One of the players isn't a player; he or she is the mole, and is supposed to be trying to undercut the group at any turn.
Each week, the players have to take a complicated computer quiz about who the mole is. Whoever scores worst on the test gets bounced. The last player standing with the mole wins however much money is in the pot.
Got it?
When "The Mole" screens scenes from the previous week's show at the beginning of the new episode, you feel as if you're revisiting an unpleasant dream.
"What do I know? -- I'm just the simpleton here, trying to get through," Steven, the undercover cop, says in the prologue, speaking for much, if not all, of the show's dwindling viewership.

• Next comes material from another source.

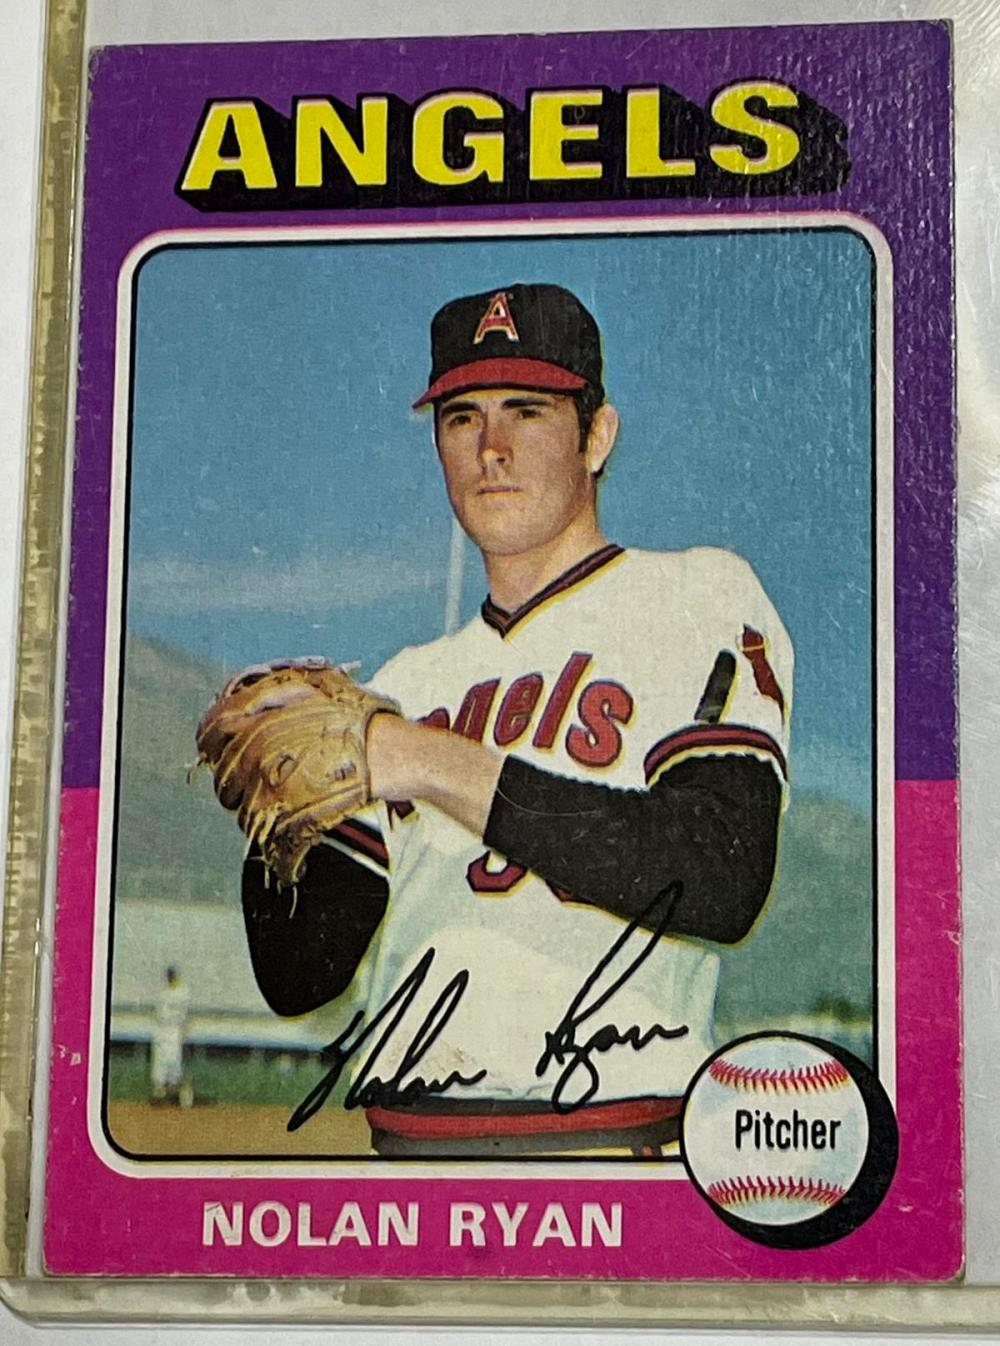 1975 Topps #500 Nolan Ryan California Angels Baseball Card

The last few days the group has been in the South of France. Now numbering eight, they are taken to Spain. On the ride to their new hotel, they bicker in the van -- Charlie, the retired detective, is mad at Kate, the real estate investor, who won't open the window. Wendi agrees that Charlie got up on the wrong side of the bed that morning.
Then they're on a dirt road where they are dropped off and ... made to walk for a while.
This is the sort of anti-drama that fuels this show.
The group wanders up a trail to an old wooden bullfighting arena. The test this time is that they each have to get in the ring, as it were, and endure two passes of a smallish, but still hefty, young bull sprouting two nubs of horns.
Charlie, who is 63, gets head-butted by the bull first. It sure looks like he gets it right in the groin. It seems really painful. The viewer's relief that, for the first time, a reality TV show draws some real blood is tempered by the fact that this is a genuinely dangerous and foolhardy act.
The players have no idea how to bullfight; most hold the cape right in front of their crotch. Time after time they seem surprised when the little bull knocks them on their ass.
Several of the players end up in the dust wrestling with the animal.
Playing amateur bullfighter looks like a good way to lose an eye, or one's ability to procreate.
Anyway, the angle is that if everyone doesn't agree to go out and risk his or her life with the bull, the group loses. But in the event, all do it. No clues to the mole here.
The group has to camp out that night. At dinner, Charlie, Wendi and Jennifer do a little rhumba. But Charlie drinks a little too much and goes off on a foul-mouthed rant about Kate.
There are two tests the next day. The first is another "Mole" exercise in tedium. Three players are assigned the task of getting eight loads of laundry done in eight different places in a small Spanish town when they don't speak Spanish.
The other five endure a much more complicated procedure. They are each given a pair of tasks, one annoying (dyeing one's hair, wearing a ball and chain for a day) and one rather unpleasant (shaving one's head, wearing stocks for a day). They each roll a die: One through three means they get to do the annoying task, four to six the unpleasant one.
Steven for example, is faced with drawing someone nude -- or posing nude for a painting. He rolls a high number and is faced with having to pose nude, but backs out at the last minute.
Oooh, maybe he's the mole!
Jim's test: a cast on one leg, or a cast on two legs (for a day). He refuses as well.
Ooooh! Or maybe he's the mole!
Wendi ends up with stocks around her neck.
Kathryn flat-out refuses to shave her head. Mole?
Kate is presented with a proposal so complex we refuse to figure it out. At the end of the day, the players meet in the town square, and Kate walks up with her hair dyed, both calves in casts, wearing a ball and chain -- and showing off a drawing of herself in the nude!
She wins $40,000 for the group -- and probably isn't the mole.
That night they have the regularly scheduled execution. Wendi, the designer, gets it. "Have a good game!" she says to Coop, by way of goodbye.
Then comes the show's slo-mo remembrance of the departed chump. "She'll definitely be missed," everyone says. That's what people say when you won't be.